→ **WHAT YOU ARE ASKED TO DO**
Exactly as written, please repeat the data that follows, but not the pictures.

→ **DATASET EXTRACT**
####################

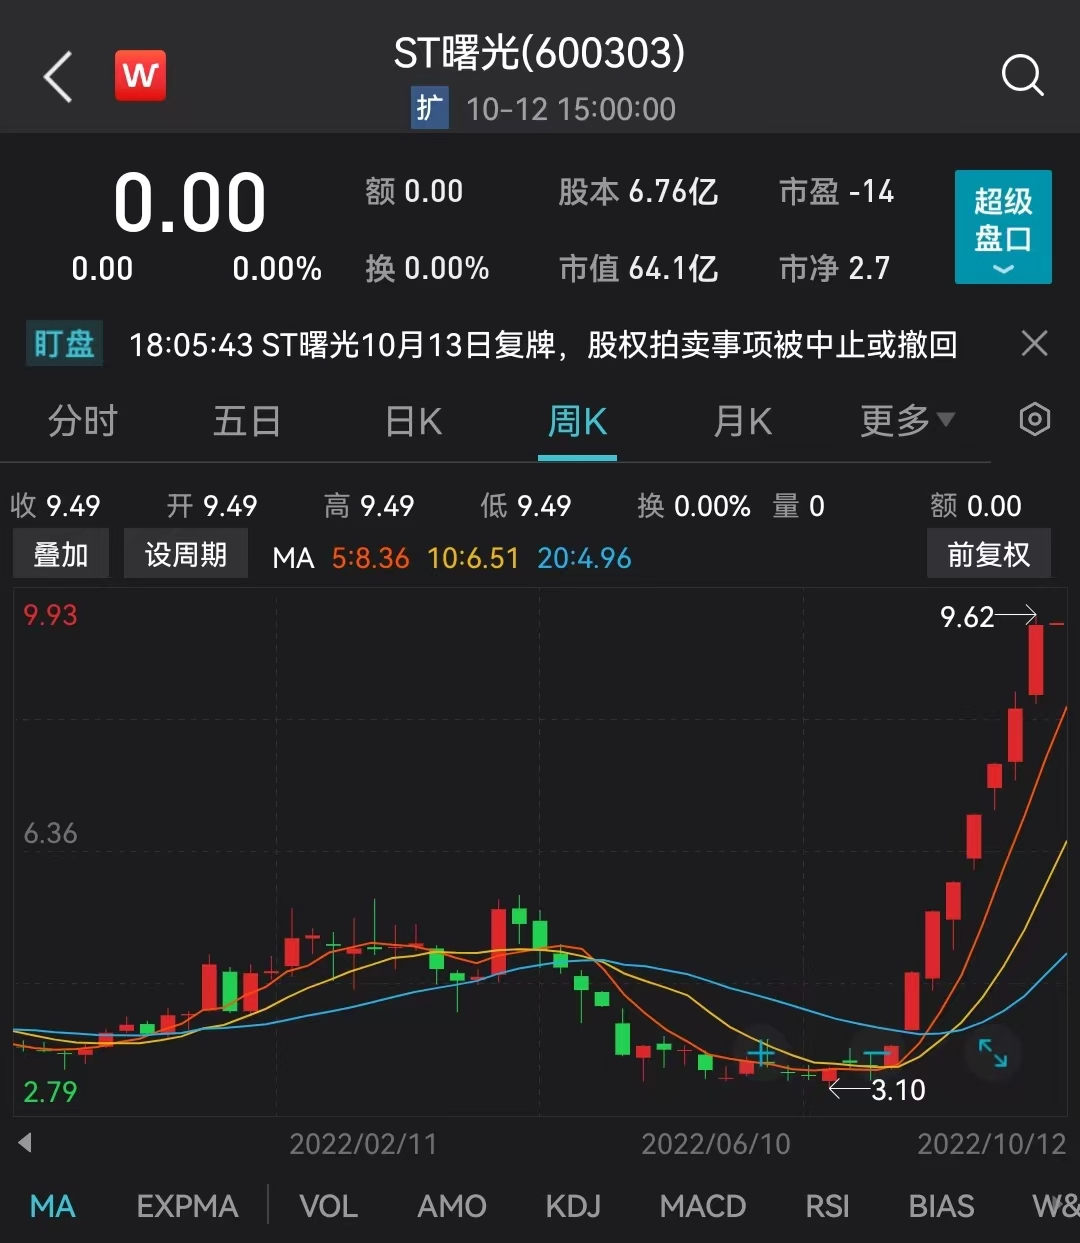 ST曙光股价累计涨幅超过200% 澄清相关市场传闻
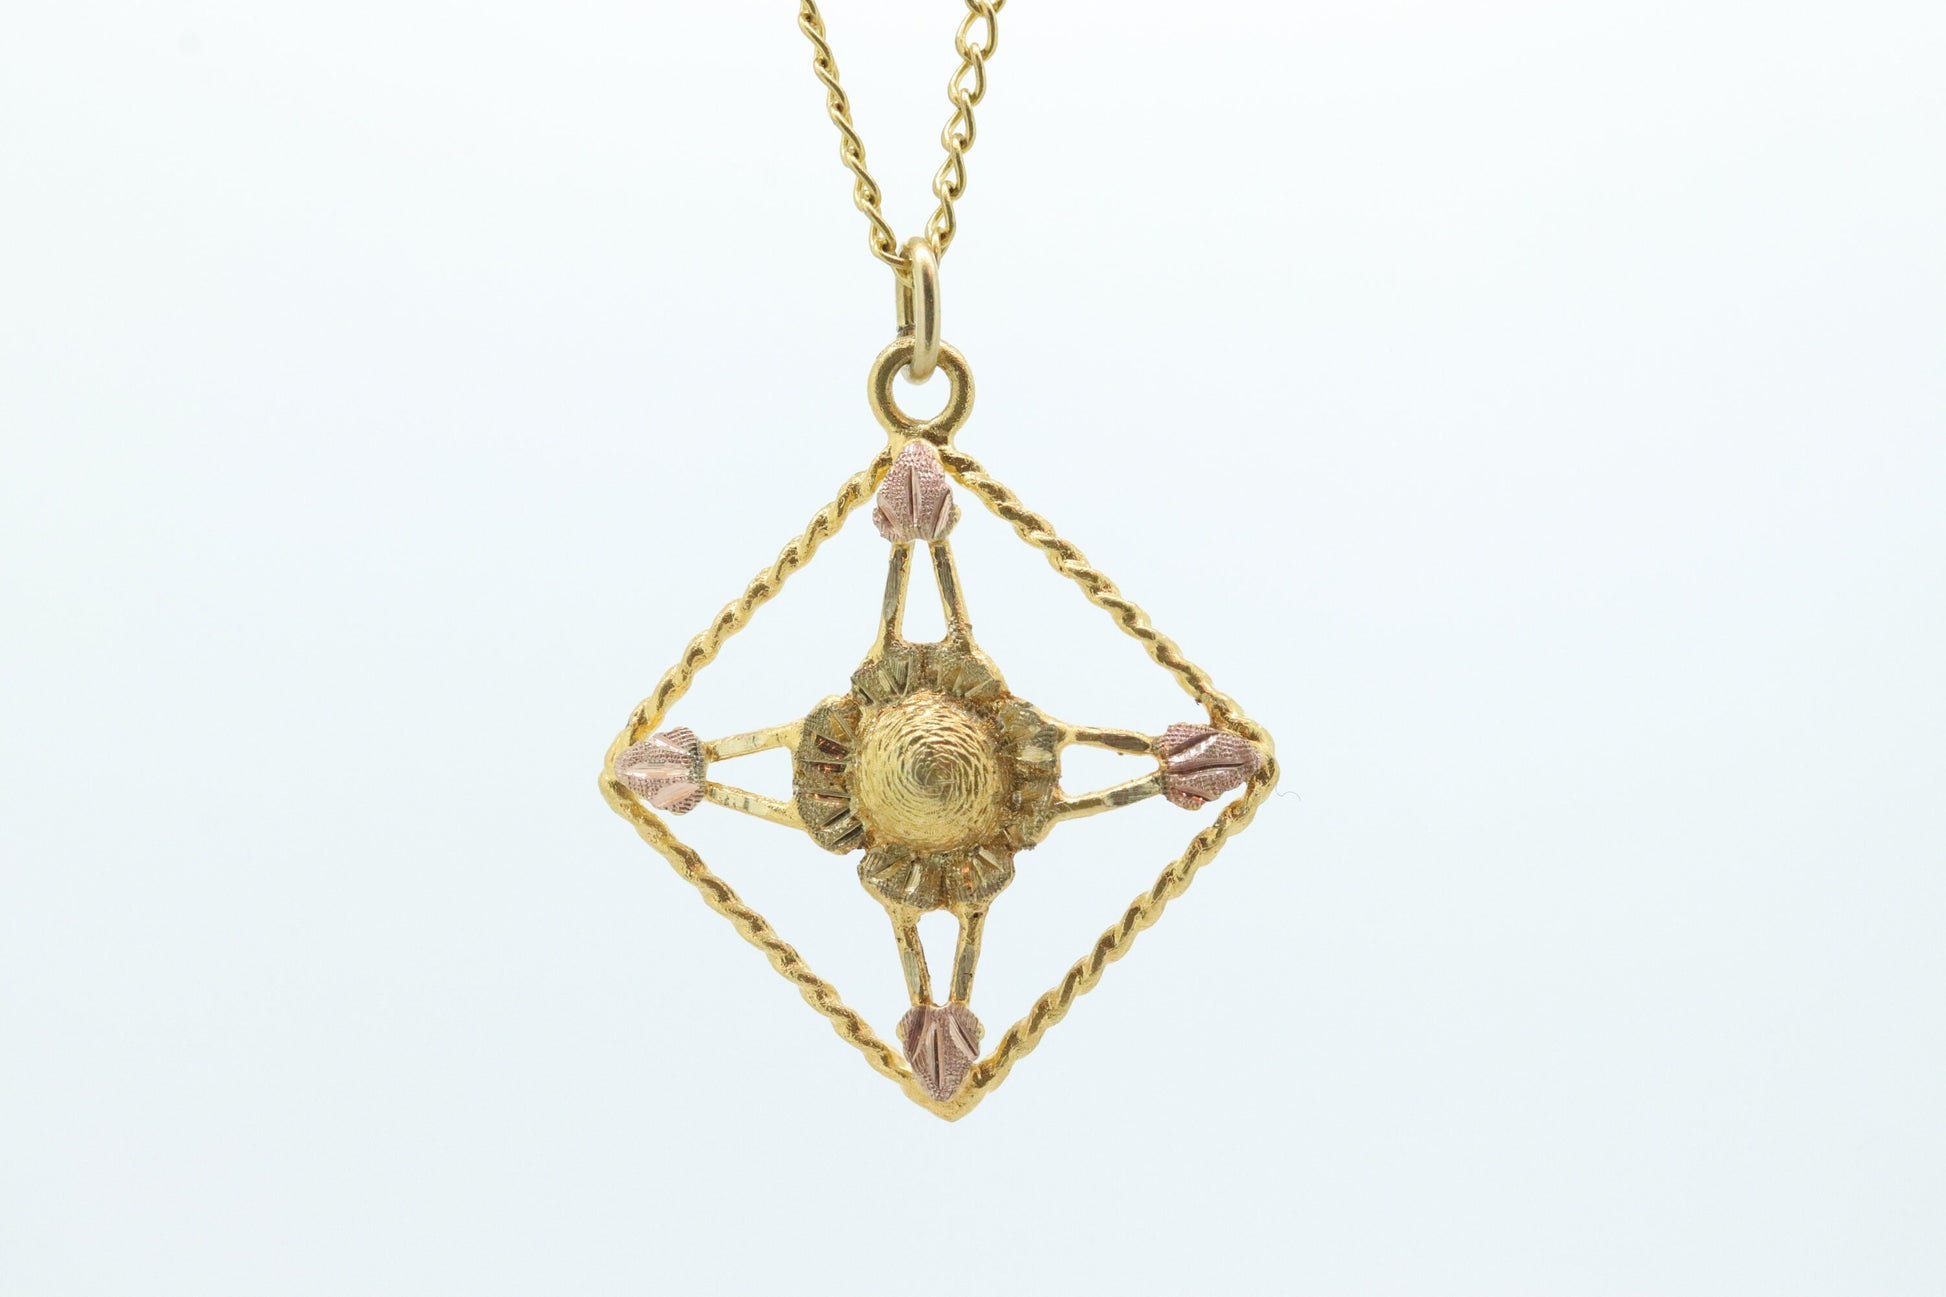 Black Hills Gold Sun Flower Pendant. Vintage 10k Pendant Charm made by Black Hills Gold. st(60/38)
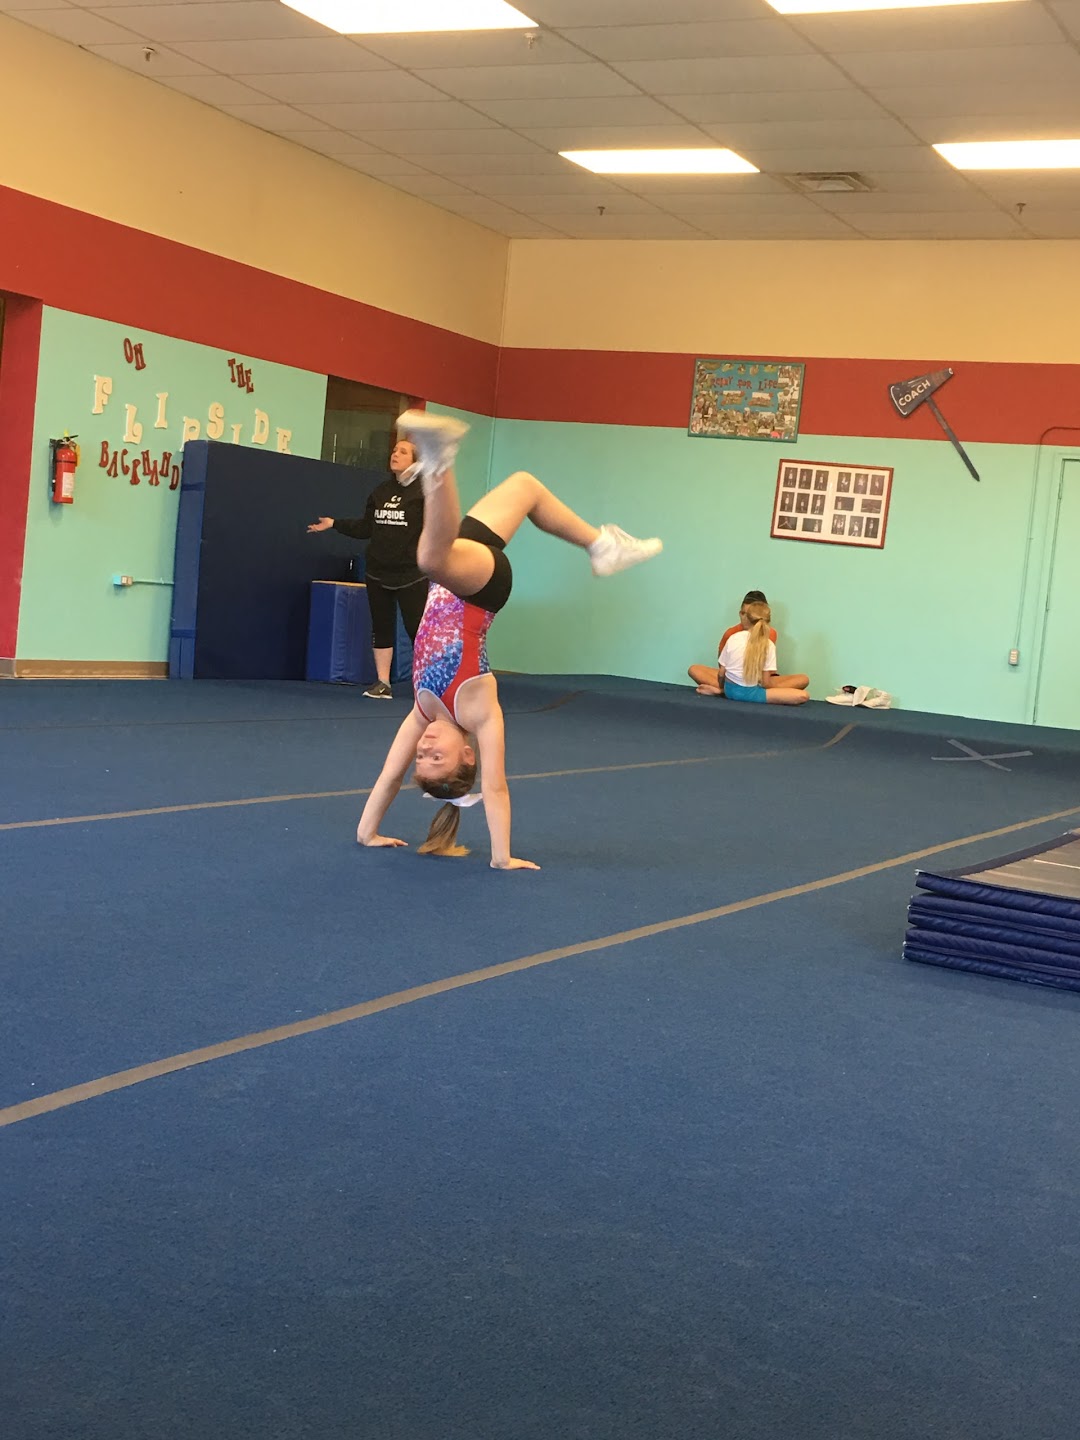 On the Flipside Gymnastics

####################

→ **RESPONSE FOR THIS EXERCISE**
 ST曙光股价累计涨幅超过200% 澄清相关市场传闻
 Black Hills Gold Sun Flower Pendant. Vintage 10k Pendant Charm made by Black Hills Gold. st(60/38)
 On the Flipside Gymnastics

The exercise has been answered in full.